Bab 37-Lembah Mandalawangi Gempar!

Tak perlu irisan tajam guilotine

atau sayatan pedang El Fatih

untuk memenggal cinta

cukup dengan tatap mata

dan sepotong kata-kata

maka berakhirlah dunia!

Pakaian prajurit yang dikenakan Ario Langit terasa sangat gerah. Keringat pemuda itu mengucur deras. Bagaimana dia tidak menjadi panik melihat Galuh Lalita dan Sekar Wangi kini ditawan musuh? Sehebat-hebatnya siluman yang berada dalam tubuhnya, tidaklah mungkin untuk menaklukkan sekian banyak lawan sakti di pihak Lawa Agung. Belum lagi ribuan prajurit yang berada dalam benteng kokoh ini?

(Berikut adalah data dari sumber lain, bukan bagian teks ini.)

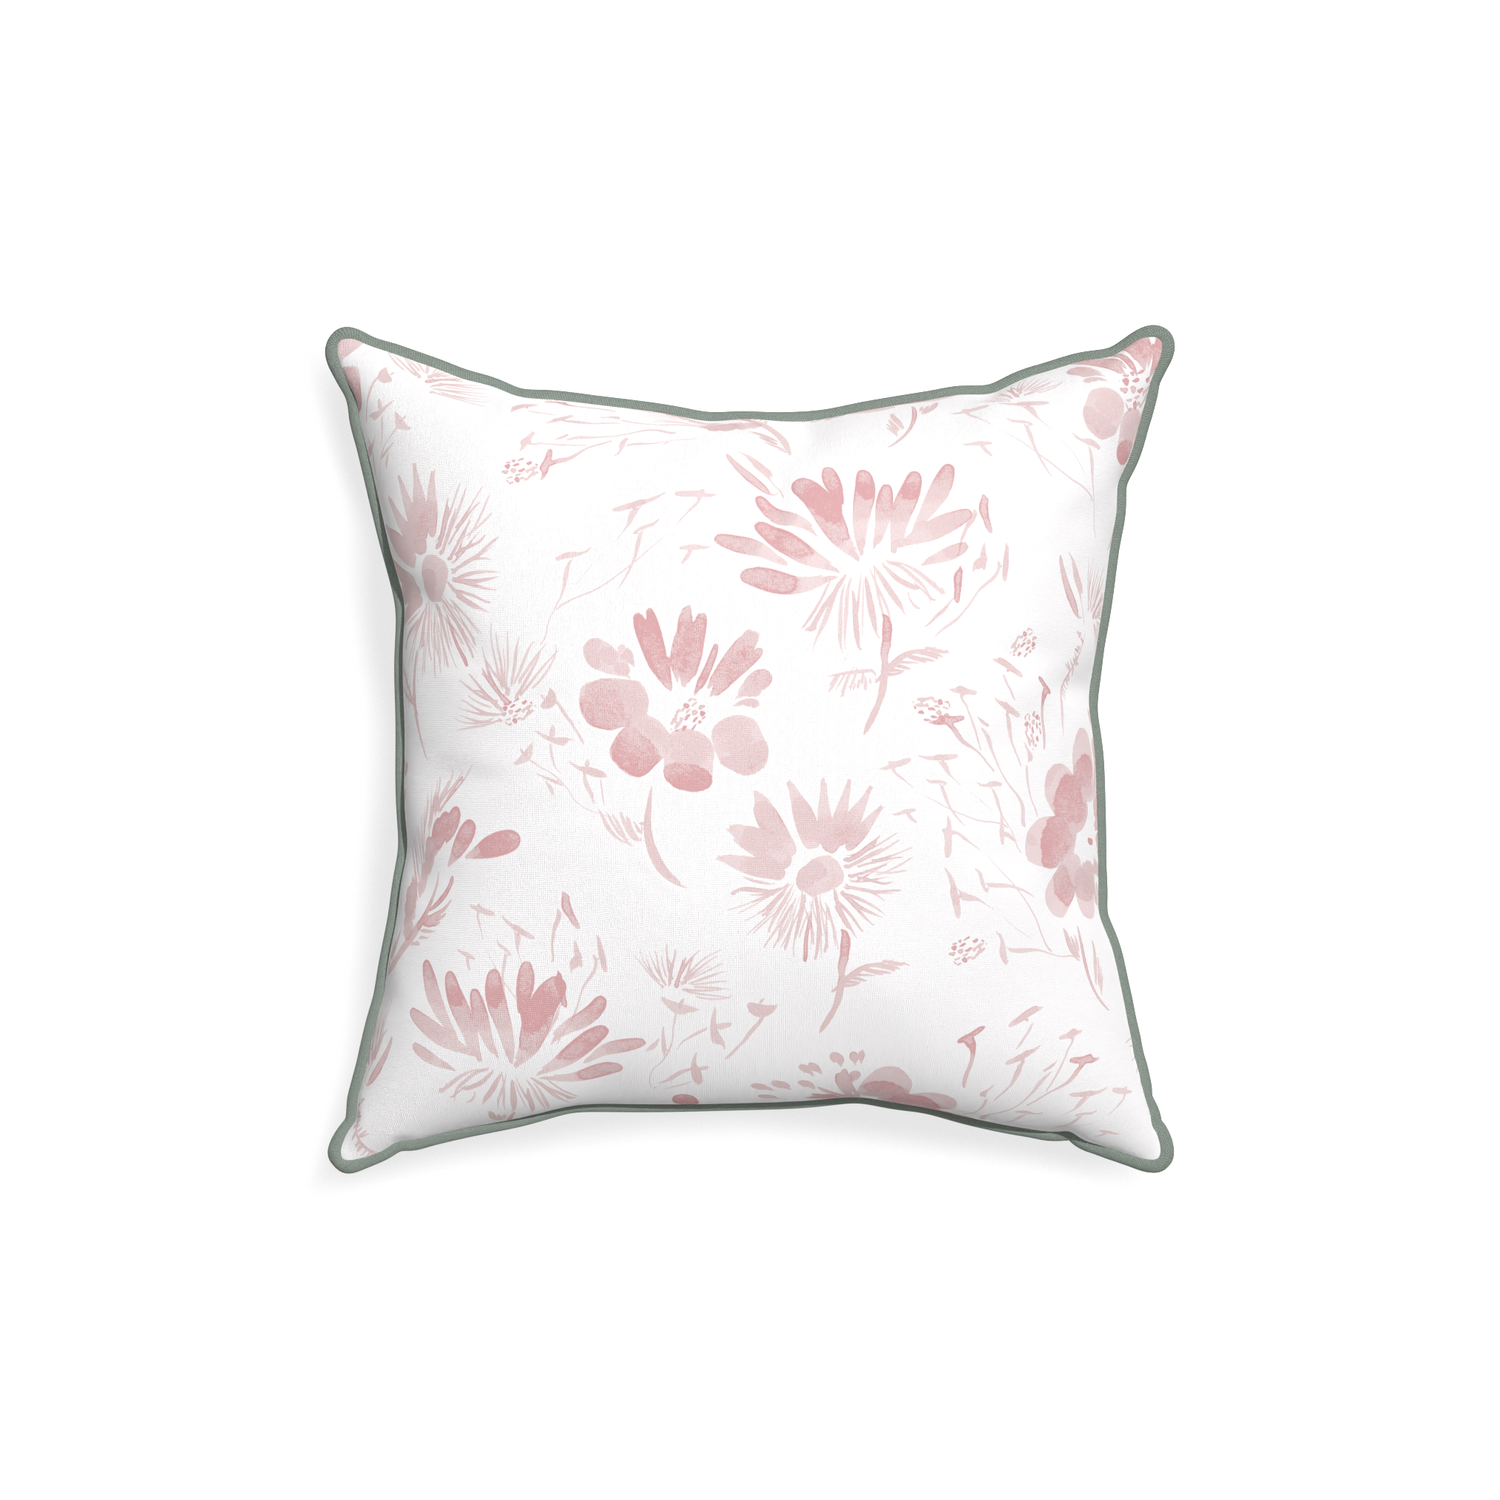 18-square blake custom pink floralpillow with sage piping on white background

Kepala Ario Langit semakin pusing. Dia tidak mungkin berlama-lama di sini hingga berhari-hari. Penyamarannya bisa dengan cepat terbongkar. Satu-satunya pilihan adalah membebaskan dua gadis itu terlebih dahulu malam ini. Urusan Ayu Kinasih dan Arya Batara bisa belakangan nanti.

Ario Langit memutuskan untuk menyelidiki di mana nantinya Galuh Lalita dan Sekar Wangi ditawan. Saat keadaan memungkinkan, dia akan menyerbu masuk dan membebaskan mereka. Secepat mungkin dan sesunyi mungkin. Batas antara hidup dan mati misi ini setipis kulit ari. Ario Langit menghela nafas dalam-dalam.

Hari berlari cepat dan malam pun datang menjelang. Ario Langit sudah mengetahui di mana kedua gadis itu ditahan. Mereka berada di sebuah ruangan dalam bangunan istana kecil di sebelah istana utama tempat Panglima Amranutta, Putri Anila, dan Putri Aruna tinggal. Istana kecil itu rupanya istana tamu karena Ario Langit melihat Ayu Kinasih, Matamaha Mada, Dewi Lastri, dan Nyai Sembilang, semuanya masuk di istana itu untuk beristirahat.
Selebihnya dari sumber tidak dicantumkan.